Information supplied:
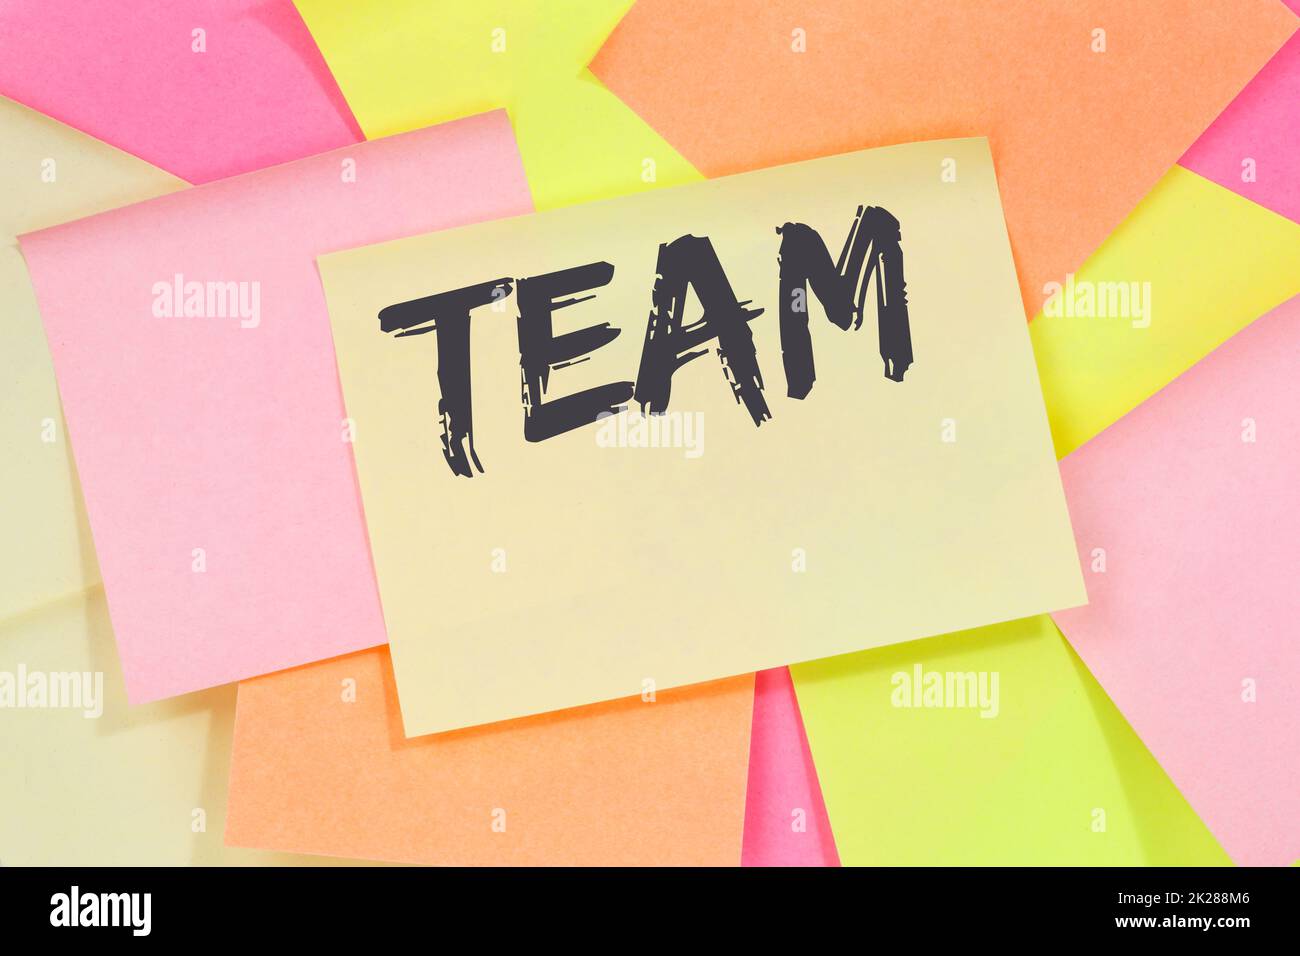 Team teamwork working together business concept office note paper Stock Photo
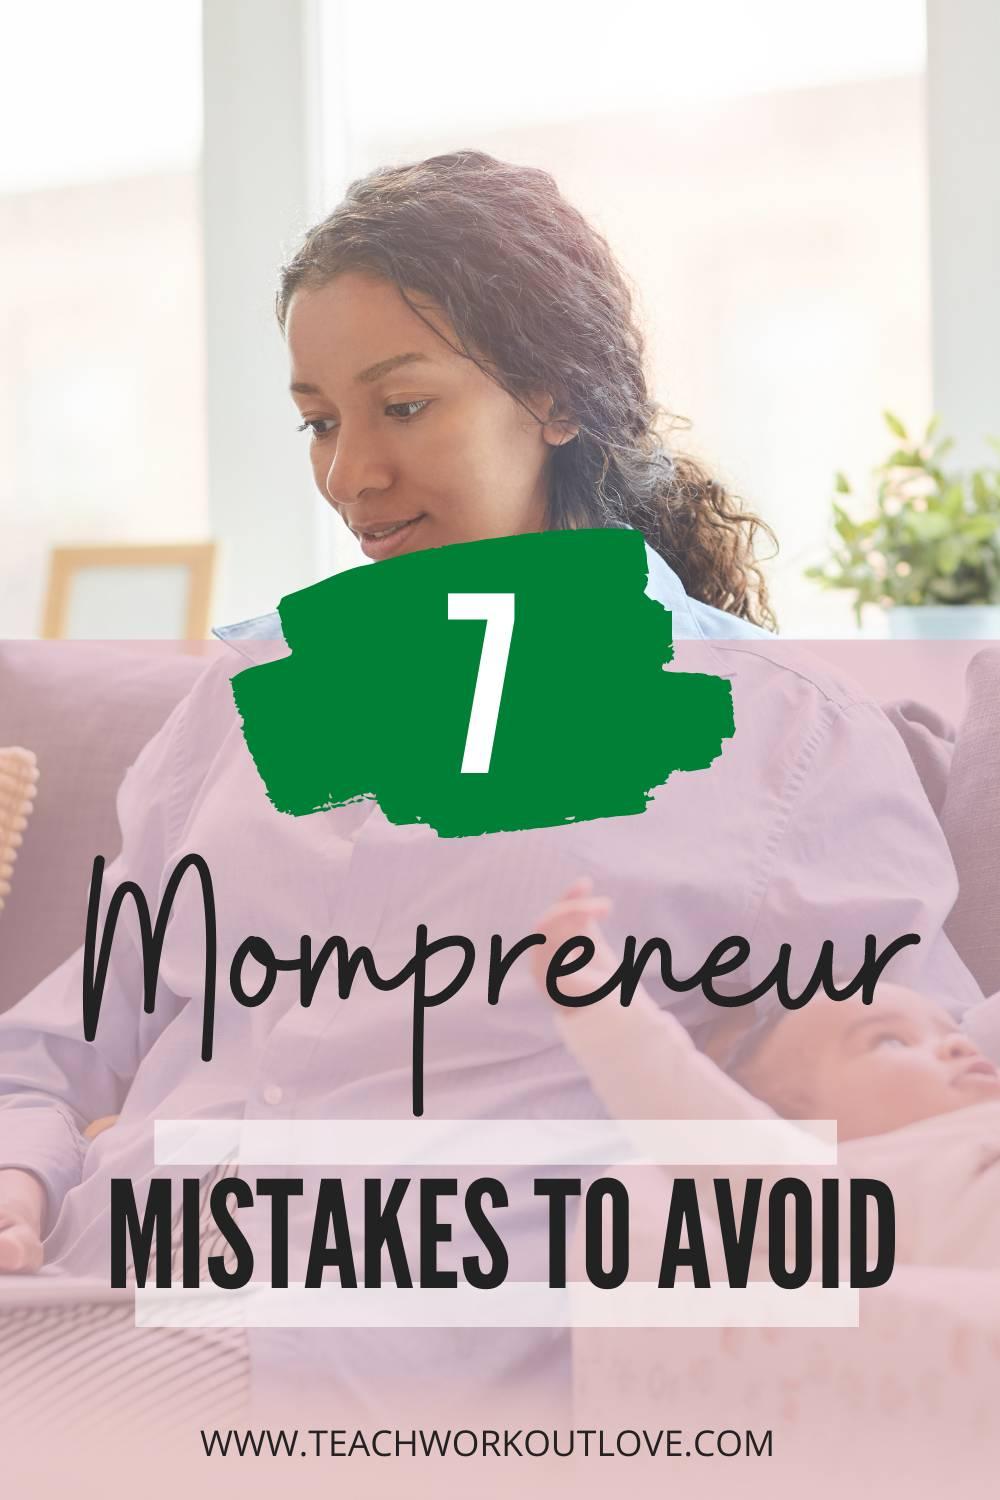 Running a business while carrying out the duties of being a mom isn’t easy, but it can be done. In fact, there are many successful entrepreneurs out there who started a business after having children. Below are a few mistakes to avoid when starting a business as a mom.
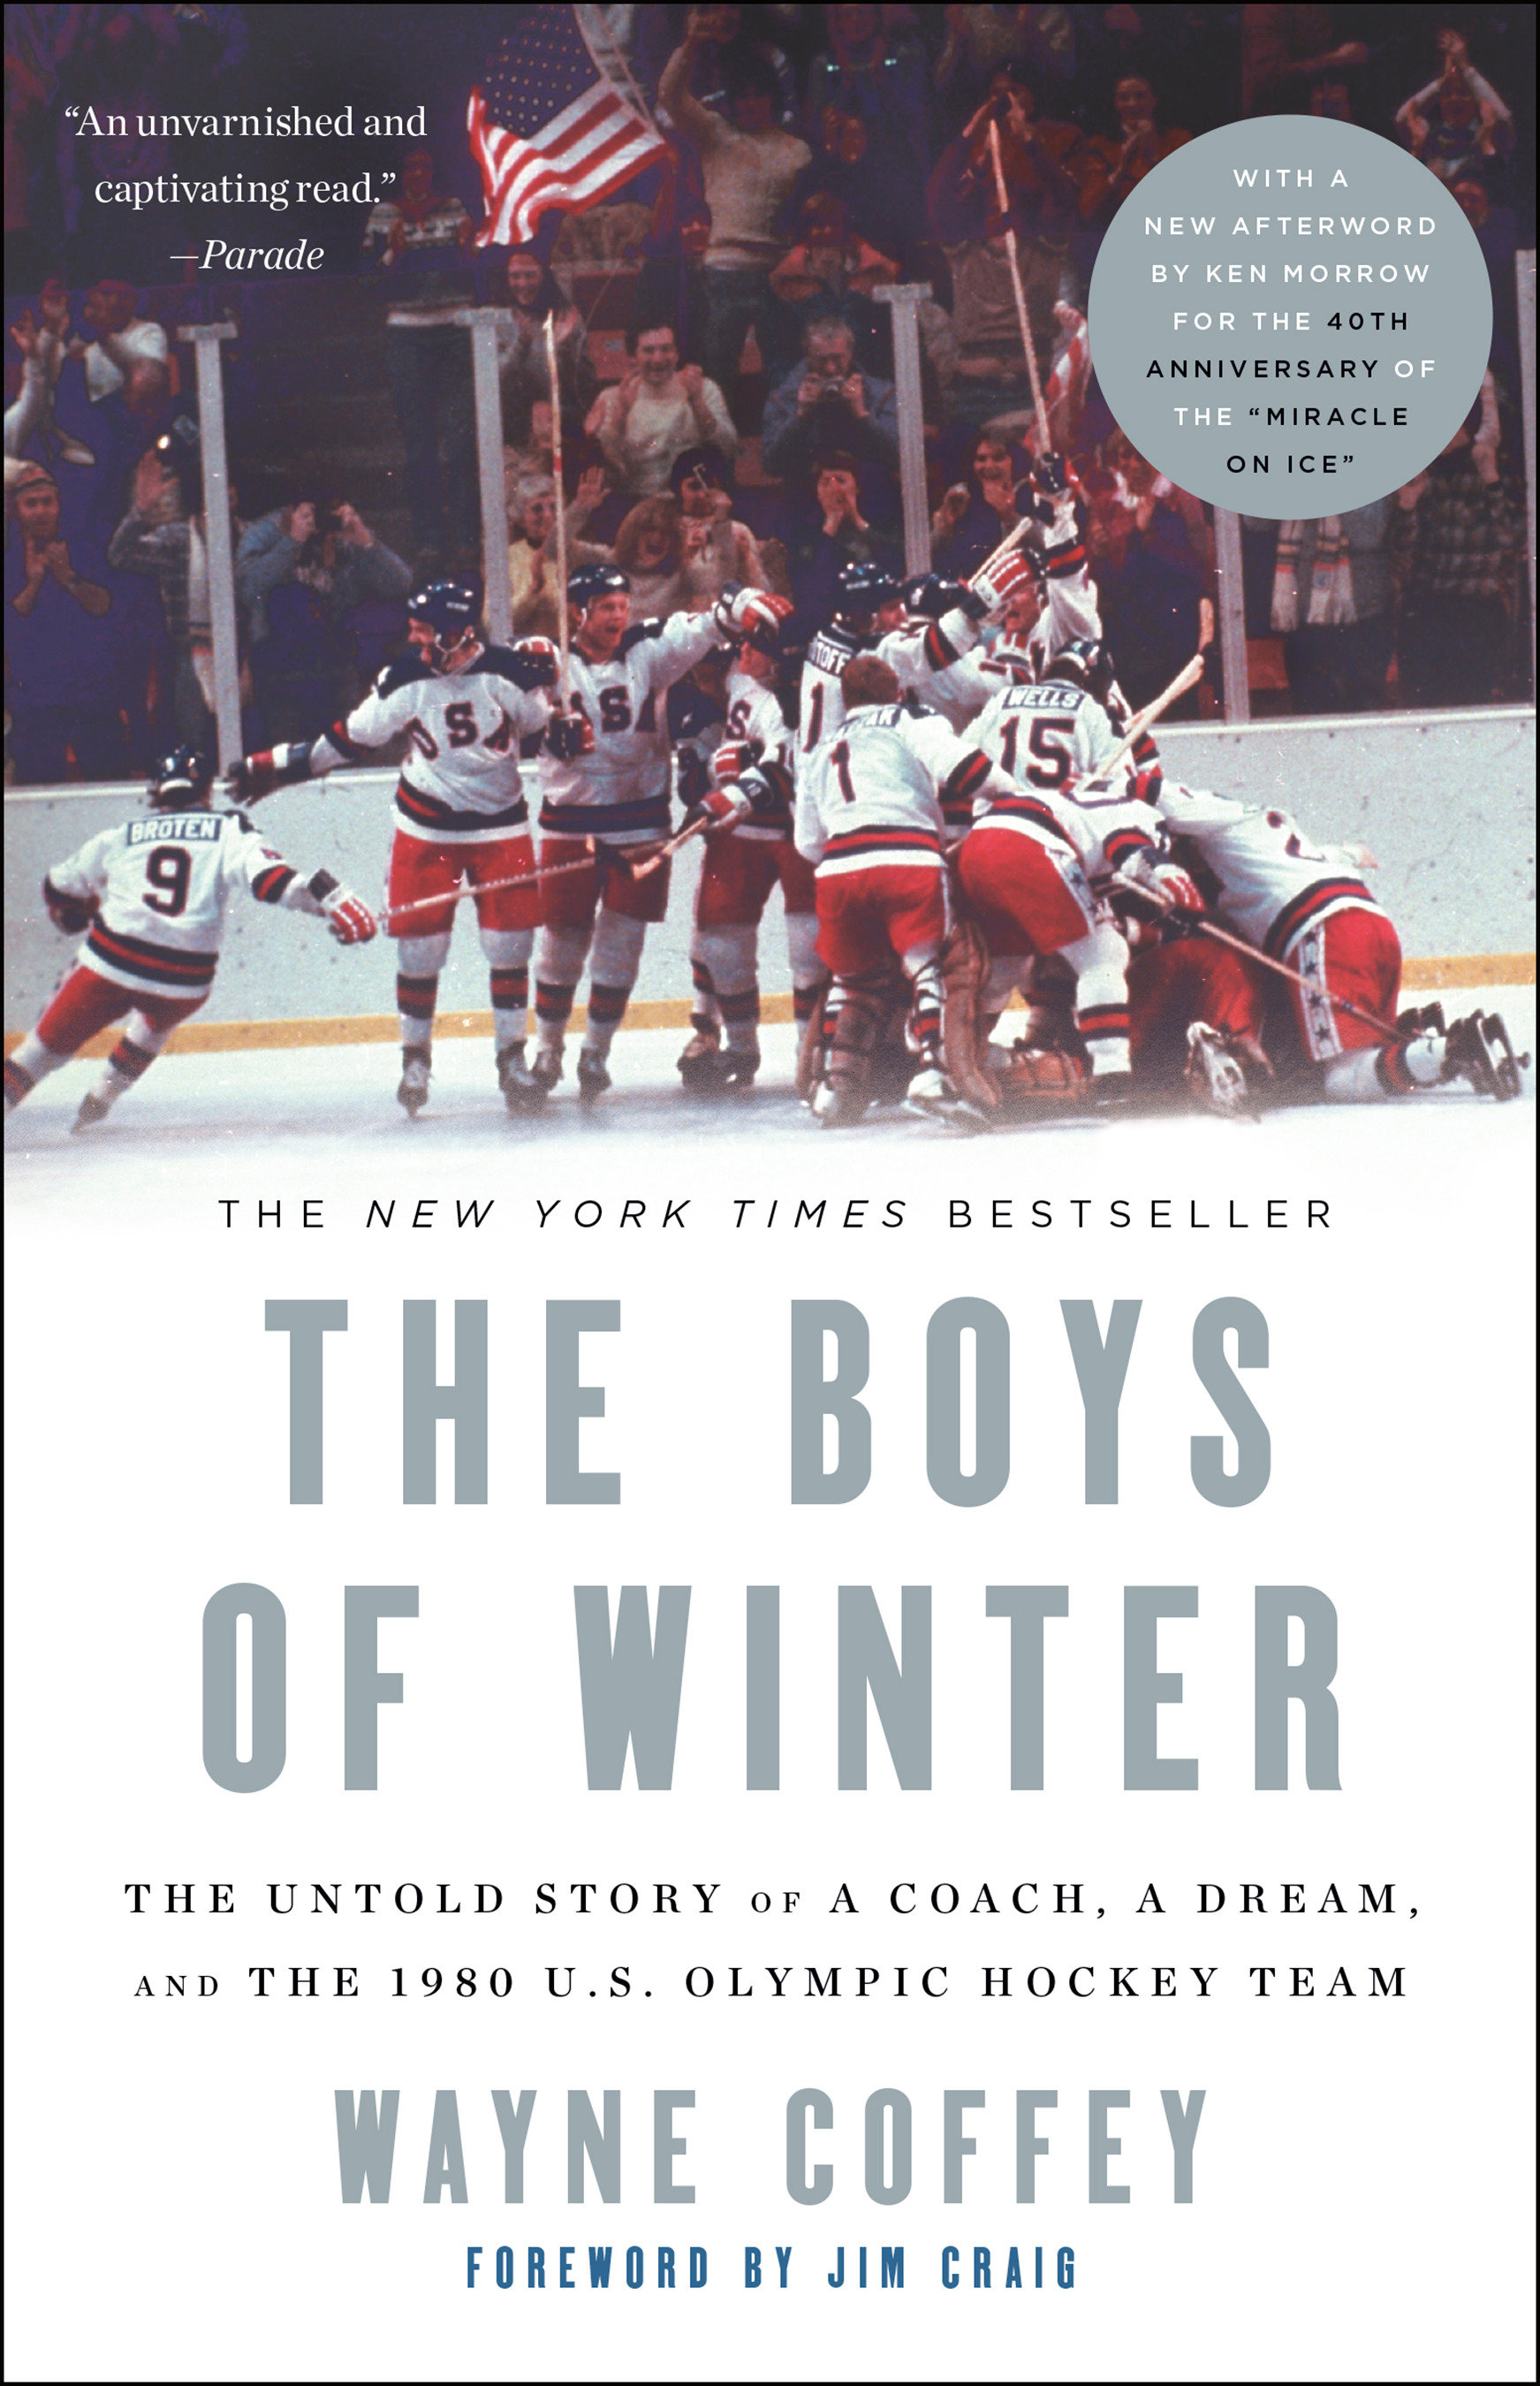 The boys of winter the untold story of a coach, a dream, and the 1980 U.S. Olympic hockey team cover image
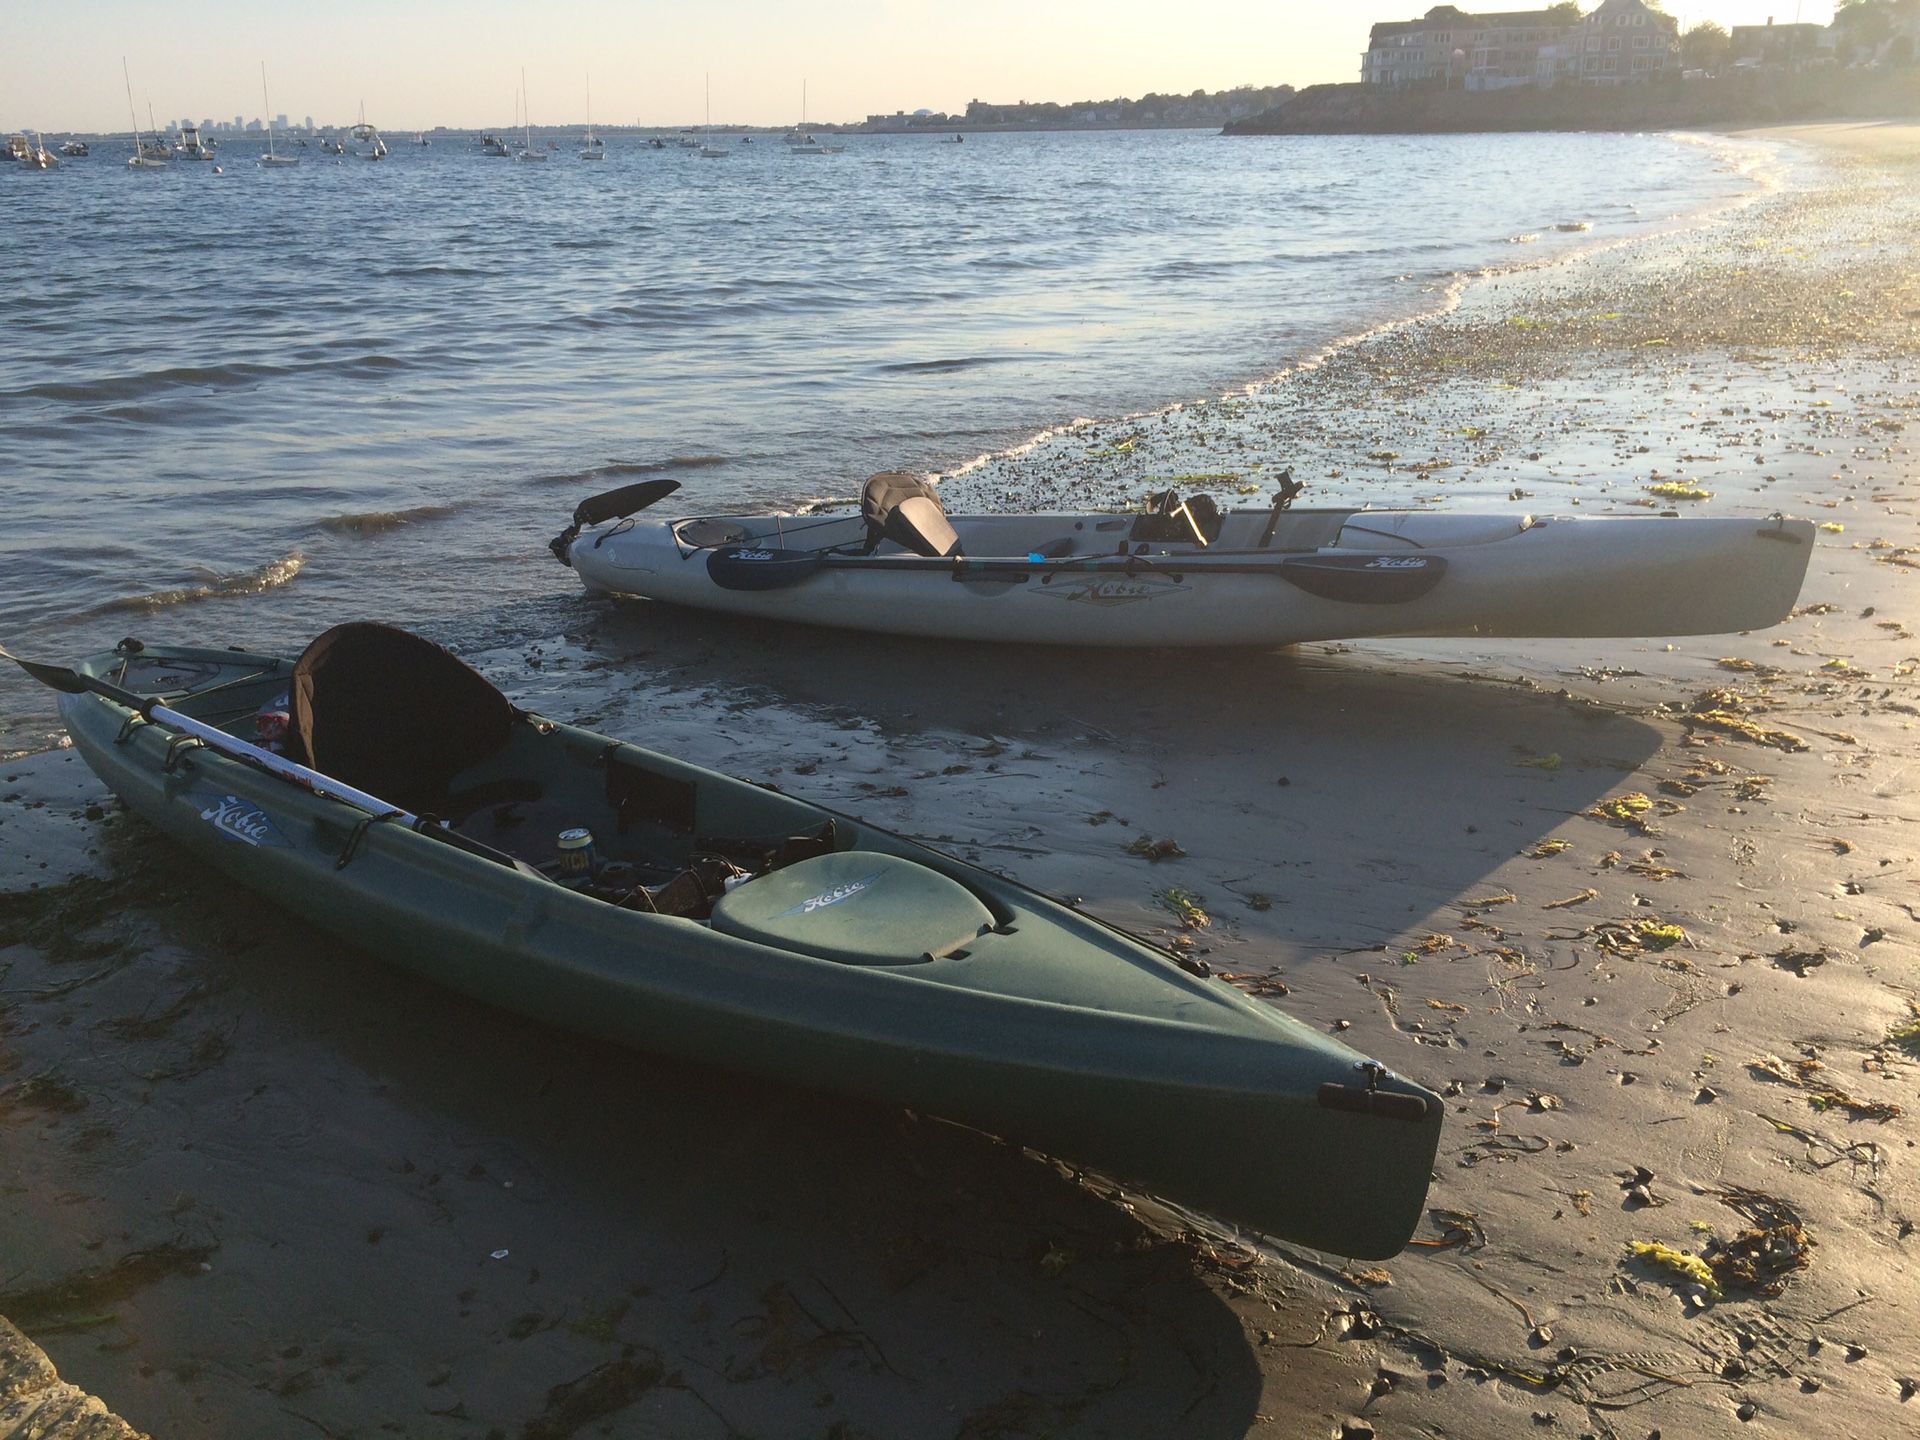 Two Hobie kayaks - Quest Fisherman and Mirage Revolution 13

Exercise details: Please retype the data exactly. The pictures do not go in.

Exercise result:
 Team teamwork working together business concept office note paper Stock Photo
 Running a business while carrying out the duties of being a mom isn’t easy, but it can be done. In fact, there are many successful entrepreneurs out there who started a business after having children. Below are a few mistakes to avoid when starting a business as a mom.
 The boys of winter the untold story of a coach, a dream, and the 1980 U.S. Olympic hockey team cover image
 Two Hobie kayaks - Quest Fisherman and Mirage Revolution 13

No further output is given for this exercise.